Sajid Khan

Personal information
- Born: 3 September 1993 (age 33) Khyber Pakhtunkhwa, Pakistan
- Batting: Right-handed
- Bowling: Right-arm off break
- Role: Bowling-all rounder

International information
- National side: Pakistan;
- Test debut (cap 244): 29 April 2021 v Zimbabwe
- Last Test: 2 August 2026 v West Indies

Domestic team information
- 2016–2018: Peshawar (squad no. 68)
- 2019–2022: Khyber Pakhtunkhwa
- 2022: Somerset (squad no. 68)
- 2023/24: Peshawar (squad no. 68)
- 2023/24: Khan Research Laboratories

Career statistics
| Competition | Test | FC | LA | T20 |
| Matches | 16 | 94 | 46 | 15 |
| Runs scored | 321 | 2,333 | 608 | 92 |
| Batting average | 15.28 | 17.54 | 23.38 | 10.22 |
| 100s/50s | 0/0 | 1/7 | 0/1 | 0/0 |
| Top score | 48* | 105 | 52 | 33* |
| Balls bowled | 3,948 | 20,980 | 2,288 | 276 |
| Wickets | 77 | 386 | 46 | 10 |
| Bowling average | 28.81 | 27.16 | 33.71 | 35.10 |
| 5 wickets in innings | 4 | 24 | 0 | 0 |
| 10 wickets in match | 2 | 6 | 0 | 0 |
| Best bowling | 8/42 | 8/42 | 4/10 | 2/25 |
| Catches/stumpings | 9/– | 51/– | 23/– | 5/– |
- Source: ESPNcricinfo, 12 September 2026

= Sajid Khan (cricketer) =

Pakistani cricketer

Sajid Khan (born 3 September 1993) is a Pakistani cricketer who plays for Peshawar in domestic cricket. He made his international debut for the Pakistan cricket team in April 2021.

==Early life==
Sajid's family hails from Mardan, Khyber Pakhtunkhwa. His father served in the Pakistan Army and died in 2003, when Sajid and siblings were still young, pushing his mother to work as the breadwinner to support the family. He migrated to Dubai with a six-month visa for training, where he worked at an airport to earn some money, and was a member of the Peshawar team. His part-time gigs to improve his family's financial circumstances included selling cellphones.

==Domestic career==
Sajid Khan made his first-class debut for Peshawar in the 2016–17 Quaid-e-Azam Trophy on 22 October 2016. He made his List A debut on 20 January 2017 for Peshawar in the 2016–17 Regional One Day Cup. He made his Twenty20 debut for Peshawar in the 2018–19 National T20 Cup on 11 December 2018.

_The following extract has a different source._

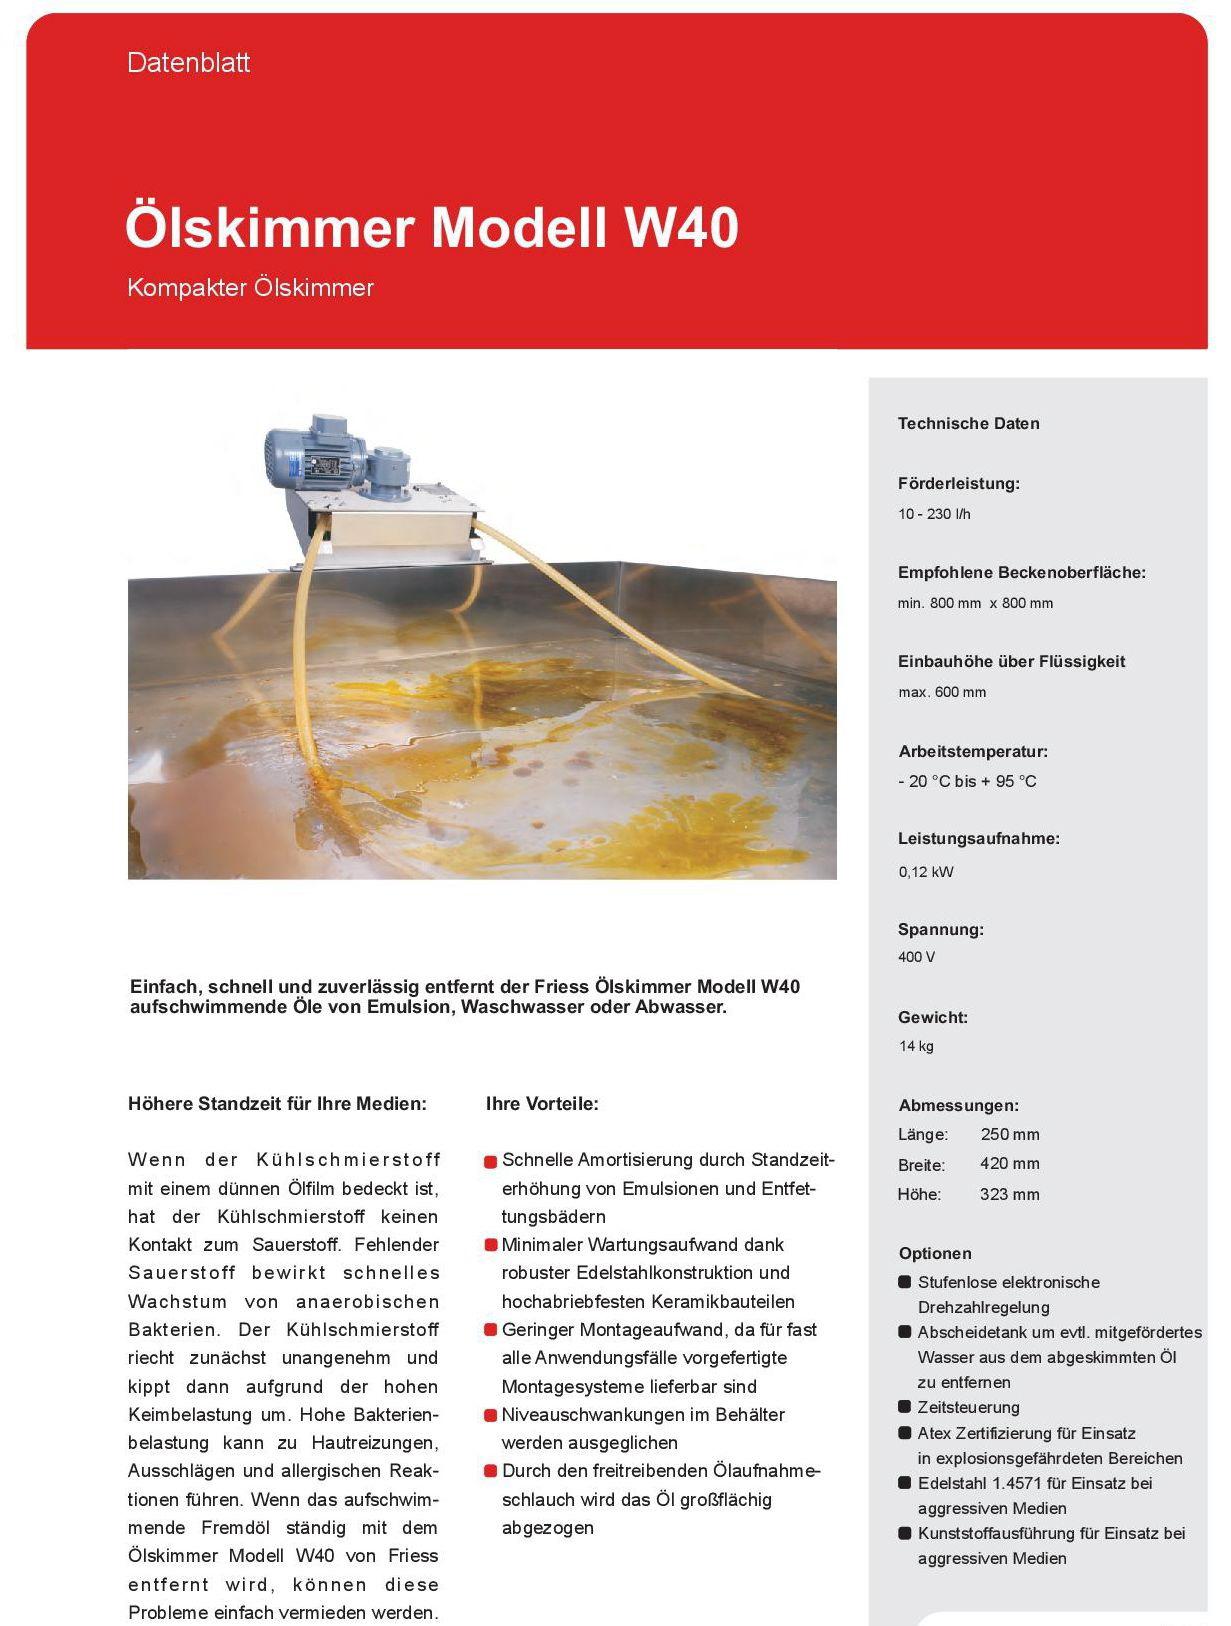 Datenblatt_-Modell-W401

In January 2021, following the final of the 2020–21 Quaid-e-Azam Trophy, he was named as the Best Bowler of the tournament. He was the leading wicket-taker, claiming 67 wickets in 11 matches. Later the same month, he was named in Khyber Pakhtunkhwa's squad for the 2020–21 Pakistan Cup.

In September 2022, Sajid Khan signed for Somerset for the remainder of the County Championship season.

== International career ==
In January 2021, he was named in Pakistan's Test squad for their series against South Africa. In March 2021, he was again named in Pakistan's Test squad, this time for their series against Zimbabwe, and made his Test debut against Zimbabwe, on 29 April 2021.

In December 2021, in the second match against Bangladesh, Khan took his first five-wicket haul and a ten-wicket haul in Test cricket with a best bowling figure of 8 for 42 in the first innings and 12 for 128 in a match at Mirpur.

In October 2024, Khan was named in Pakistan's squad for the second and third Tests in the home series against England. In the first innings of the second Test, Khan took his second five-wicket haul with figures of 7 for 111. He was named Player of the Match for his nine-wickets in the second test. In the third Test, Khan registered a second ten-wicket haul after his third five-wicket haul with figures of 6 for 128 in the first innings and with 4 for 69 in the second innings, at Rawalpindi. He was named Player of the Series played against England.

In January 2025, during the first Test of the home series against the West Indies, Khan was declared Player of the Match for his fifer, including 4 wickets in 17 balls, and was noted for his mastery of the new ball, rare for a spinner.